→ **Directions**
Would you please return the data below verbatim, without its pictures?

→ **Given information**
◇ ◇ ◇ ◇ ◇ ◇ ◇

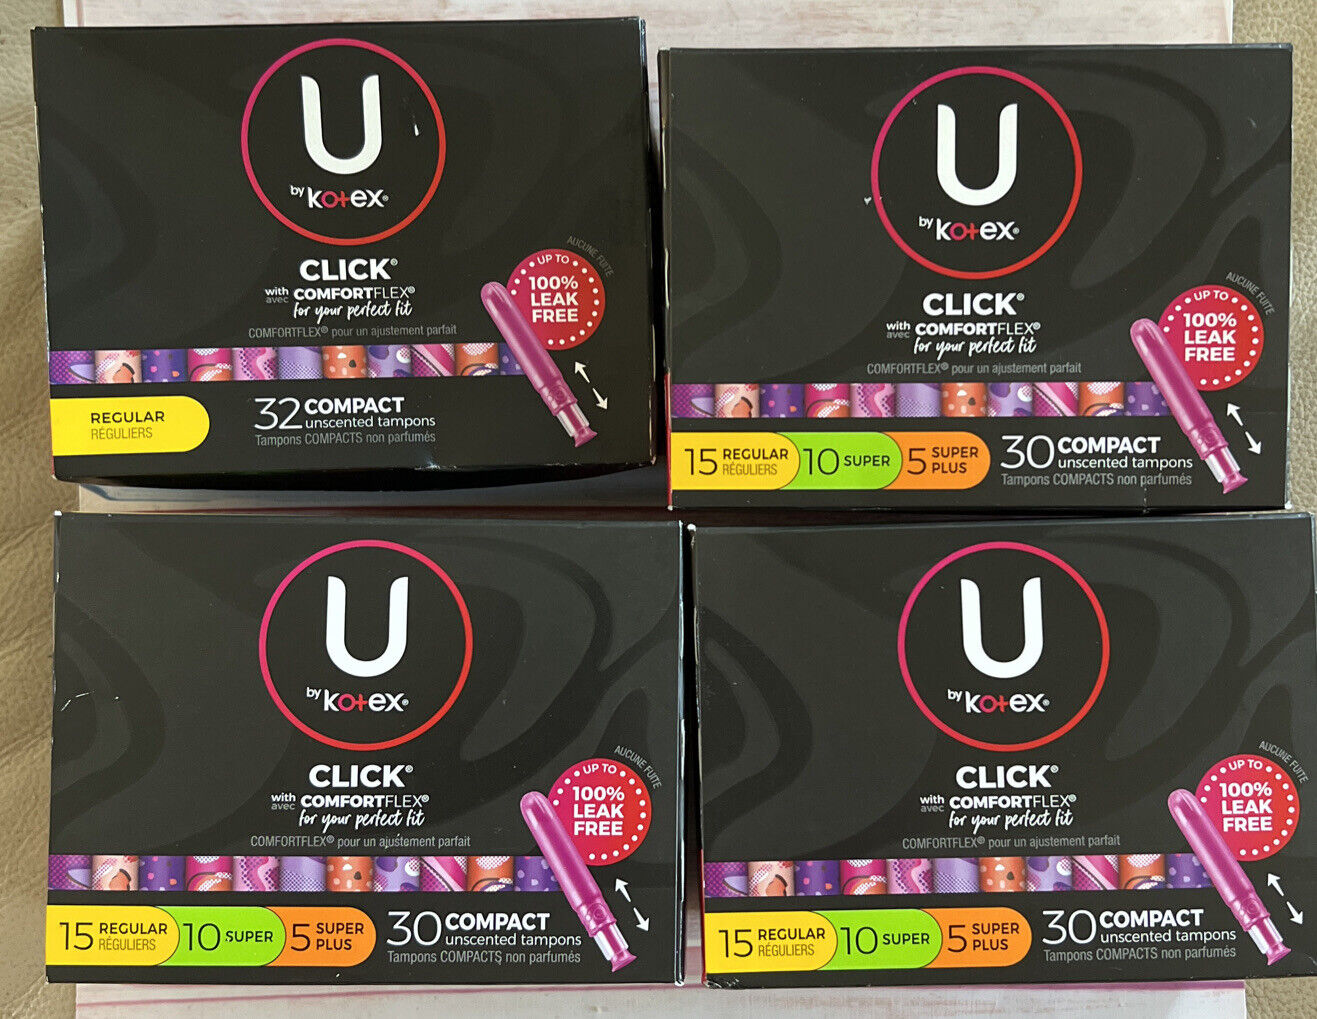 U by Kotex~Click Compact Tampons - 3 Multi Packs 30 & 1 - 32 Regular Pack U by Kotex
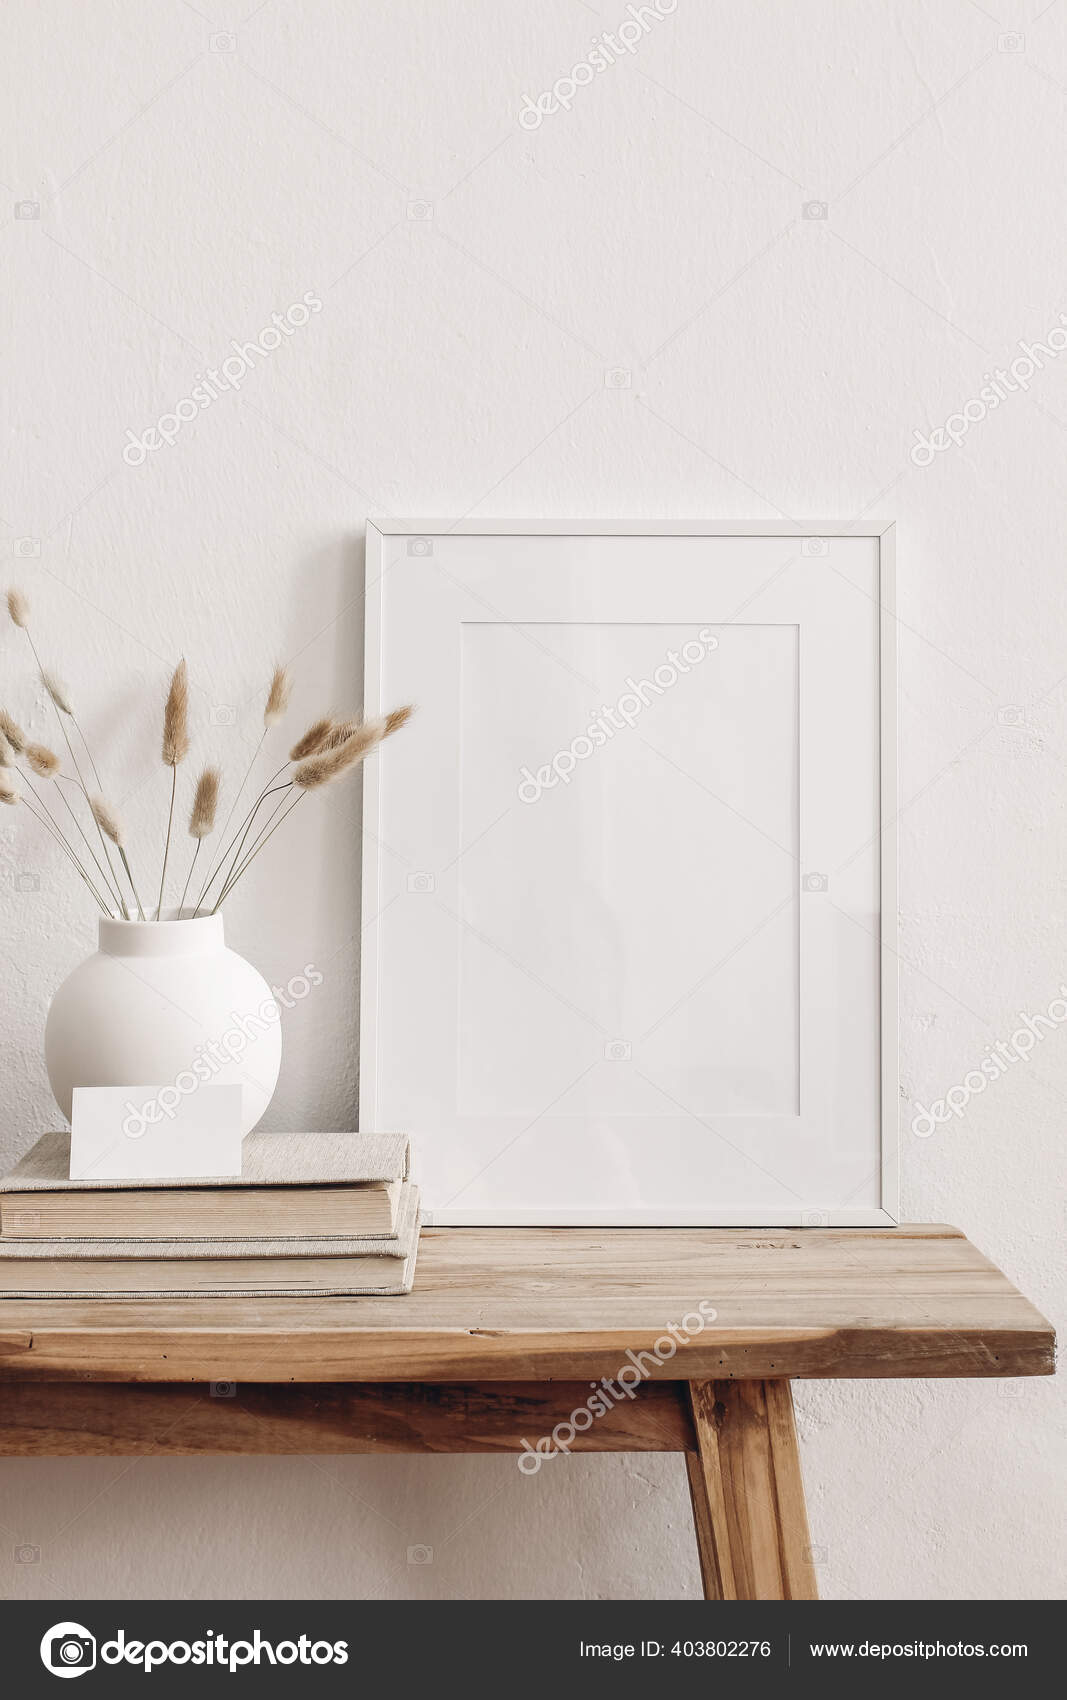 horizontal and vertical white frame mockup collection wooden desk mockup
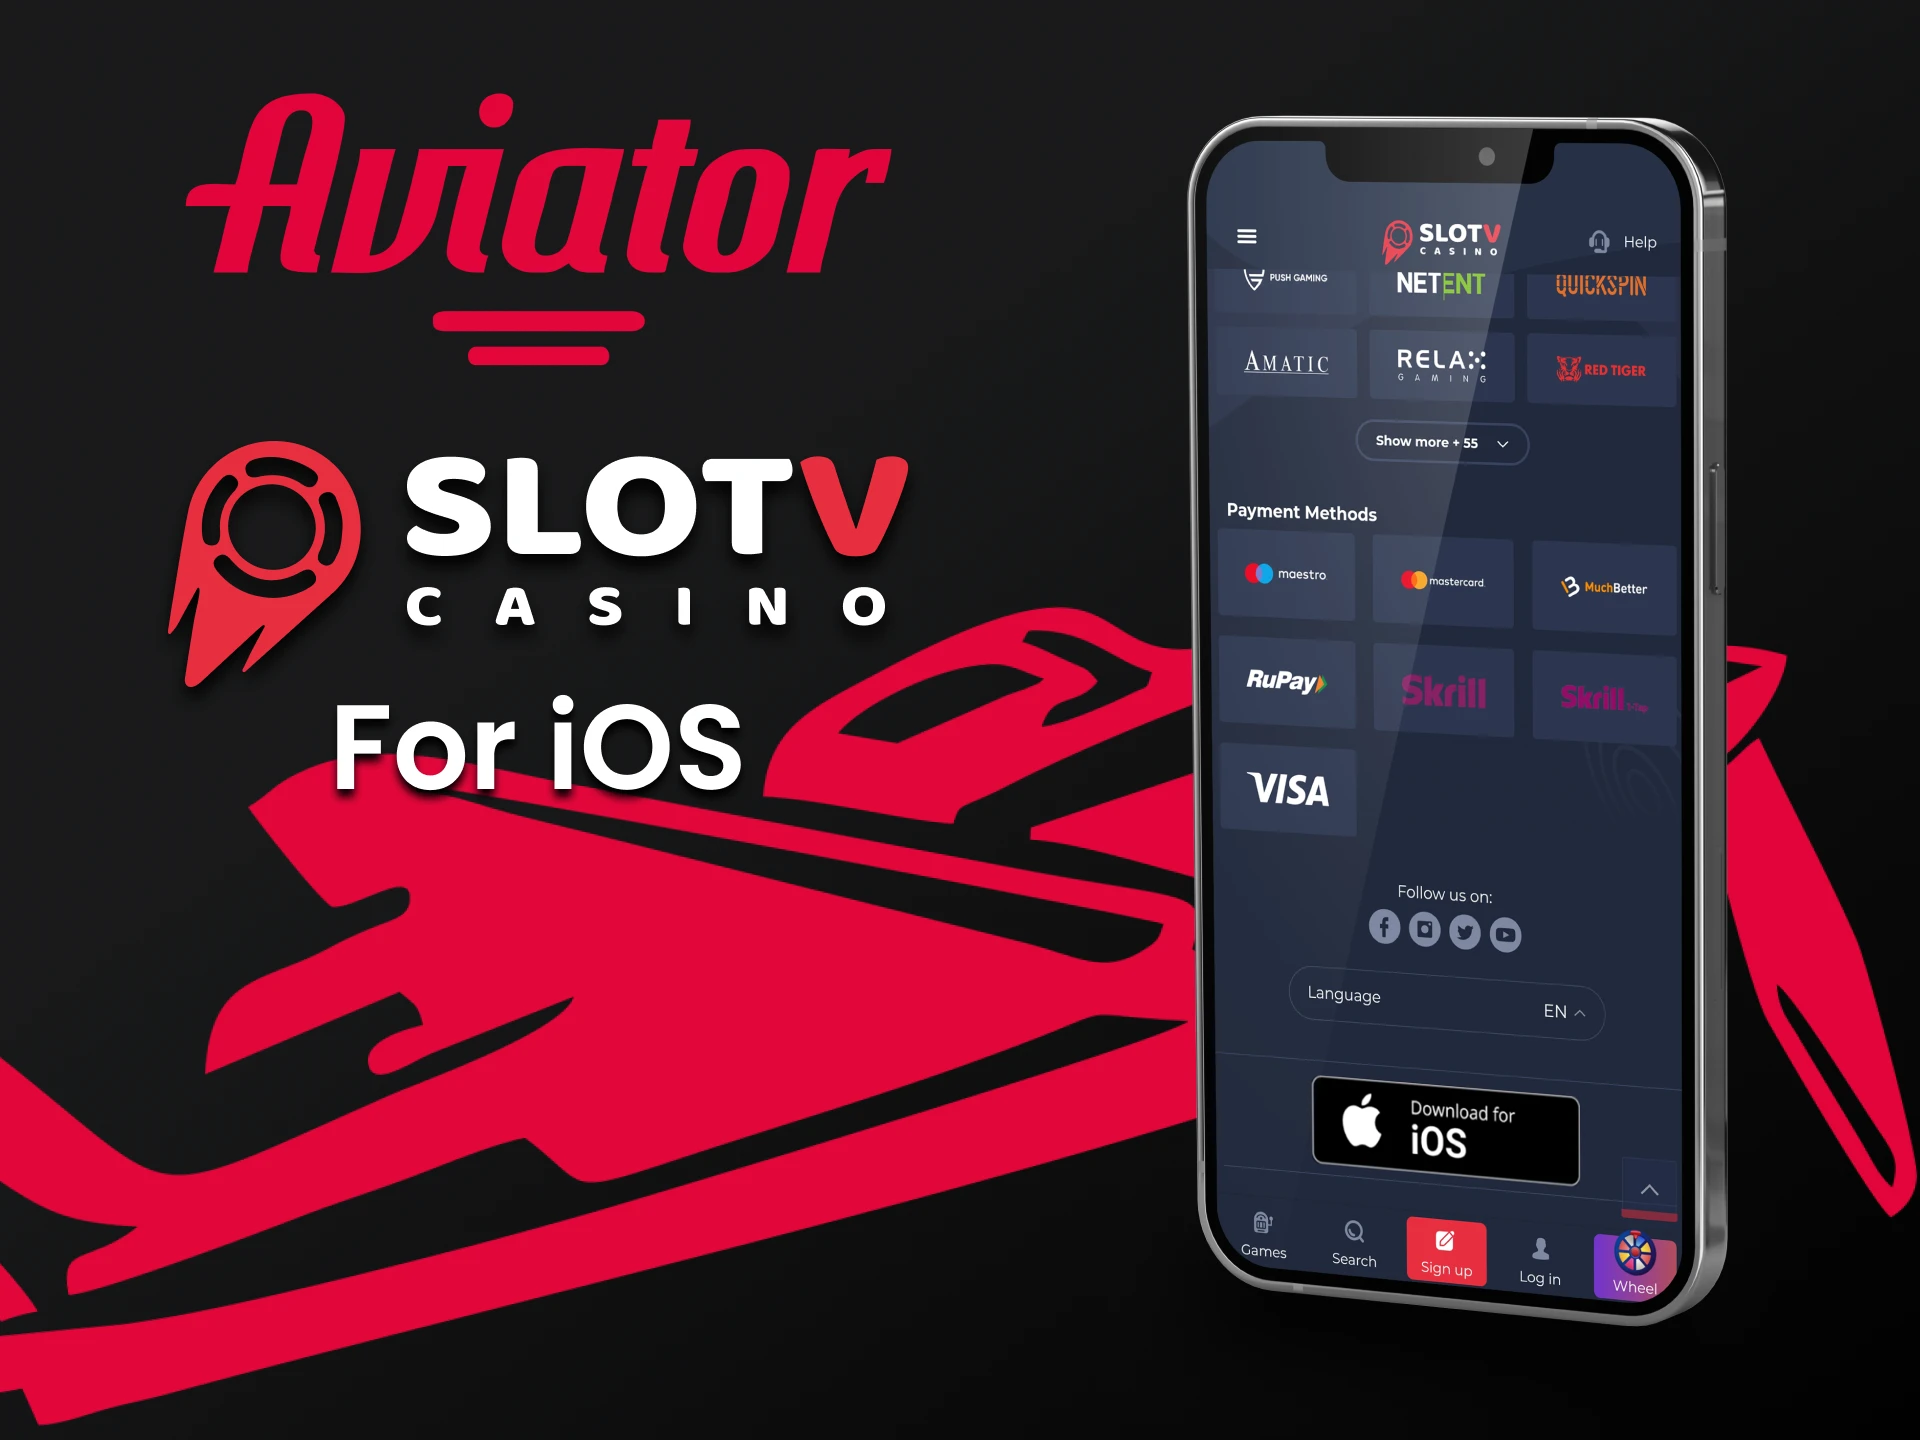 Install the SlotV app on iOS to play Aviator.

◇ ◇ ◇ ◇ ◇ ◇ ◇

→ **Solved problem**
 U by Kotex~Click Compact Tampons - 3 Multi Packs 30 & 1 - 32 Regular Pack U by Kotex
 horizontal and vertical white frame mockup collection wooden desk mockup
 Install the SlotV app on iOS to play Aviator.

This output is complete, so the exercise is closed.